Example 1: Drug Testing

  • Aribulin in Metastatic Bladder Cancer:
    • Null Hypothesis: µ ≤ 30% shrinkage.
    • Alternative Hypothesis: µ > 30% shrinkage (one-sided).

Example 2: Coin Tossing

  • PM510 Students' Coin Flipping Simulation:
    • Null Hypothesis: µ = 6.98 (same as theoretical value).
    • Alternative Hypothesis: µ ≠ 6.98 (two-sided).

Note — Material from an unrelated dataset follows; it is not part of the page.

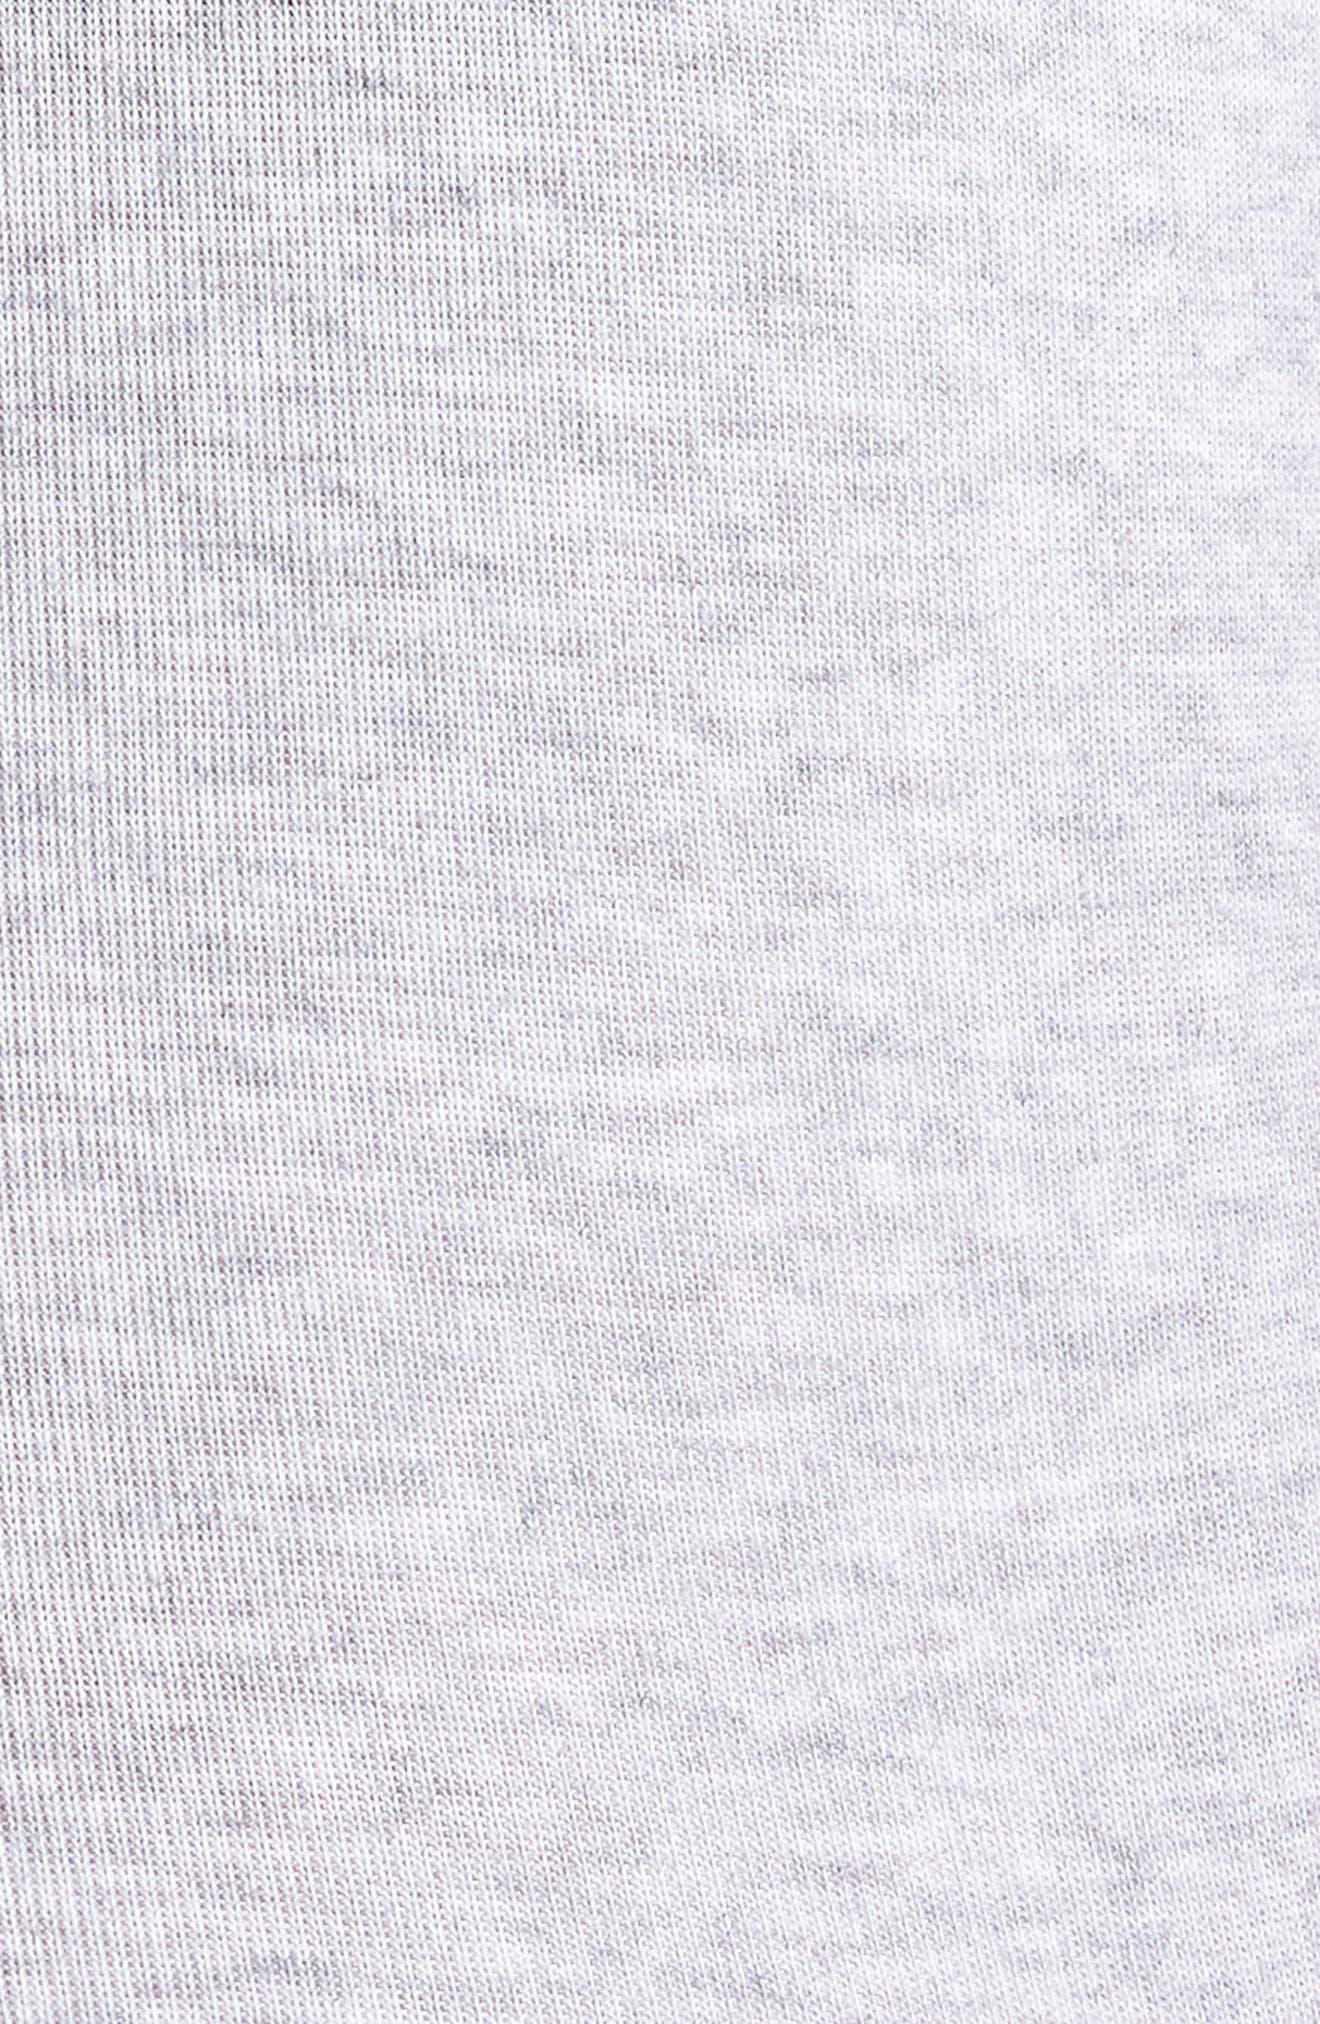 NORDSTROM MEN'S SHOP, 4-Pack Supima<sup>®</sup> Cotton Briefs, Alternate thumbnail 6, color, BLACK/ NAVY/ GREY

Test Statistics and P-values

  • Test Statistic: Summarizes the data for statistical inference.
  • P-value: Measures consistency of observed data with null or alternative hypothesis.
    • Larger p-value: More consistent with null hypothesis.
    • Smaller p-value: More consistent with alternative hypothesis.
  • Decision based on p-value:
    • p ≤ α (significance level): Reject the null.
    • p > α: Do not reject the null.

Decision Errors

  • Type 1 Error (False Positive): Rejecting a true null hypothesis.
  • Type 2 Error (False Negative): Failing to reject a false null hypothesis.
  • Importance of avoiding Type 1 errors in the biomedical field.

Example Scenarios

  • Aribulin and Tumor Shrinkage:
    • Analyzing decisions based on p-values under different scenarios.

Legal System Analogy

  • Null Hypothesis: Accused is innocent.
  • Alternative Hypothesis: Accused is guilty.
  • Type 1 Error: Convicting an innocent person.
  • Type 2 Error: Acquitting a guilty person.

Factors Affecting P-values

  • Sample size and standard deviation impact p-values.
  • The effect size affects statistical significance.

Procedure for Testing Hypotheses

  1. Formulate research question and hypotheses.
  2. Choose significance level (commonly α = 0.05).
  3. Collect data and calculate test statistic and p-value.
  4. Make decisions based on comparison of p-value and α.
  5. Write conclusions based on statistical significance.